Within the listing below, please copy exactly the lines between the line holding "ブブッ/不正解/クイズの未再生の波形" and the line holding "В Ірані жінка", inclusive.

◆ Source data:

+++++

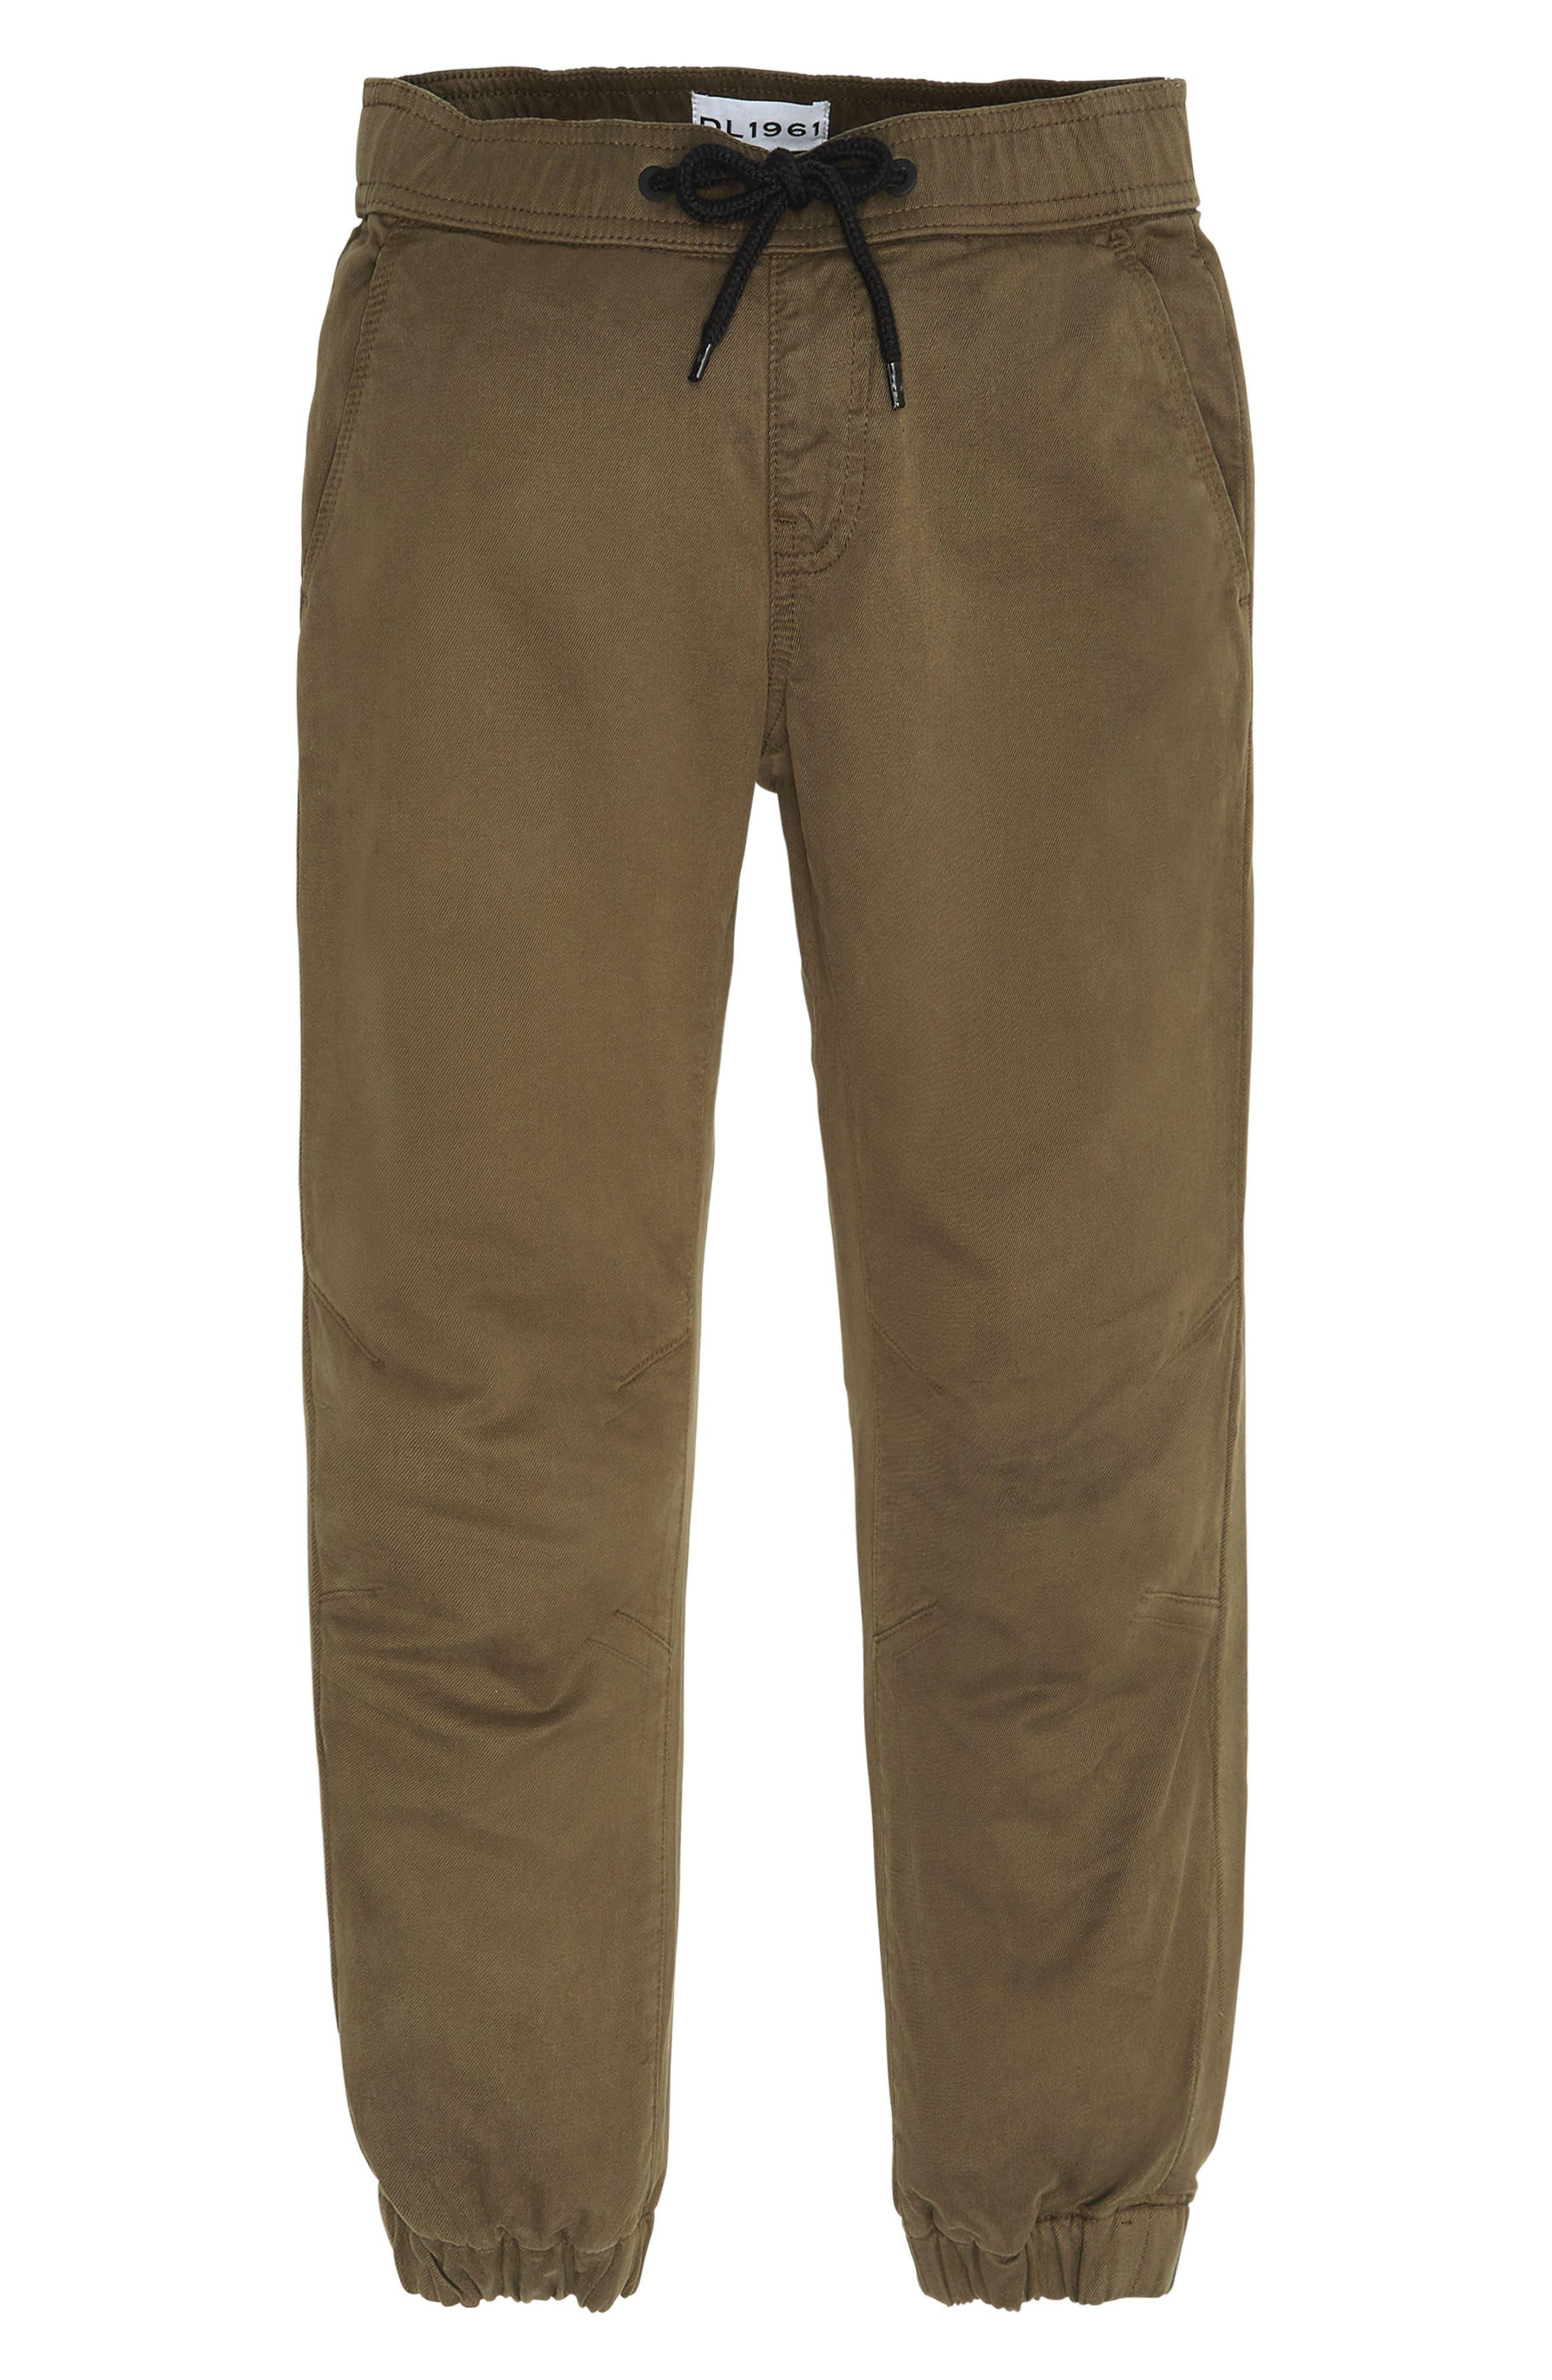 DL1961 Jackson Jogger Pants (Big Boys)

+++++

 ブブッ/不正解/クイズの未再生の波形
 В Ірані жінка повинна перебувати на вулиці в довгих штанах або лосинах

+++++

◆ Task response:
 ブブッ/不正解/クイズの未再生の波形
 В Ірані жінка повинна перебувати на вулиці в довгих штанах або лосинах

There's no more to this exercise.